Currency analyst

When the UK will actually leave the EU?

Brexit! Brexit! This portmanteau word must have annoyed you to death, and you probably want to know when this British exit will actually happen. It’s a high time Prime Minister Theresa May and her Cabinet sat down and drafted the plan for Brexit to work. It is almost ten weeks since UK voters opted to leave the European Union, but the ice still didn’t break up.

So why haven't the UK left yet?

In a nutshell, because Article 50 of the Lisbon Treaty has never been invoked. Until British government formally does that, the UK is doomed to remain its membership in the Union. Article 50 of the 2007 Treaty of Lisbon explains how a member state can withdraw from the EU. According to this article, to leave the Union a country should notify the EU authority of its intention, then, it should negotiate a deal on withdrawal and work out a future relationship with the EU members.
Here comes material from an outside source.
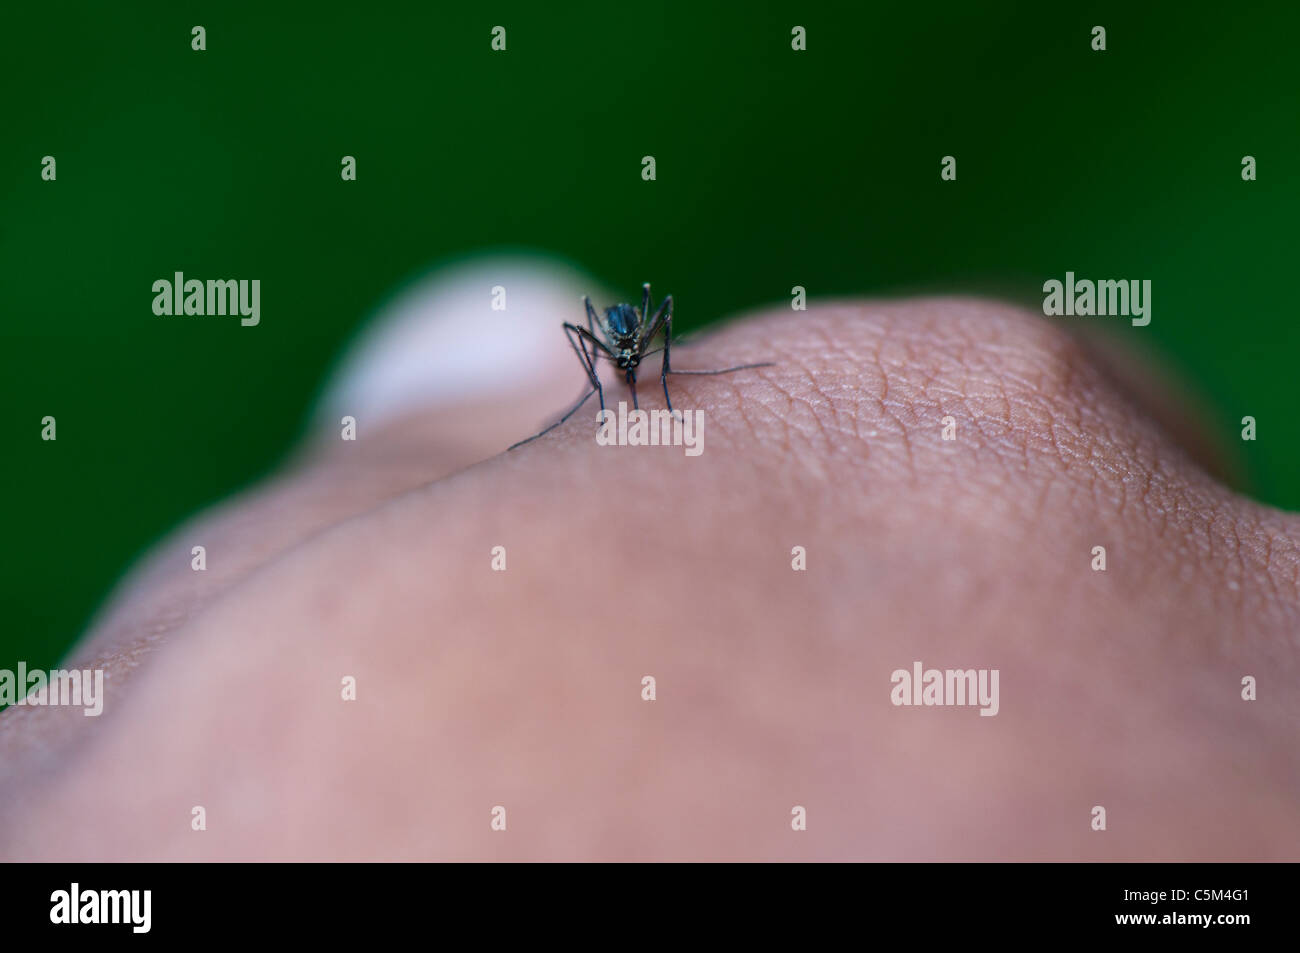 Mosquito biting on hand, feeding on human blood Stock Photo

How Brexit process will unfold?

The EU will probably only allow the UK to be the part of the European single market (which means that there won’t be any tariff in trade relationships between the UK and EU members). The main challenge for the Brexit talks will be an immigration issue.

When will Article 50 will be invoked?

The new Prime Minister of the UK Theresa May says that she would be ready to trigger Article 50 of the Lisbon Treaty as soon as she and her Cabinet plan a sensible and orderly departure. To be precise, it will happen “maybe in January, maybe in February” 2017. Once Article 50 has been invoked, the UK will have two years to negotiate its withdrawal.

Meanwhile, the UK economy managed to withstand the initial shock of the Brexit referendum, although with sacrifices (the value of pound depreciated; the UK lost its top AAA credit rating which means that the cost of lending will grow substantially). We can’t predict what will be the long-term effects of leaving the EU, though. Time will show.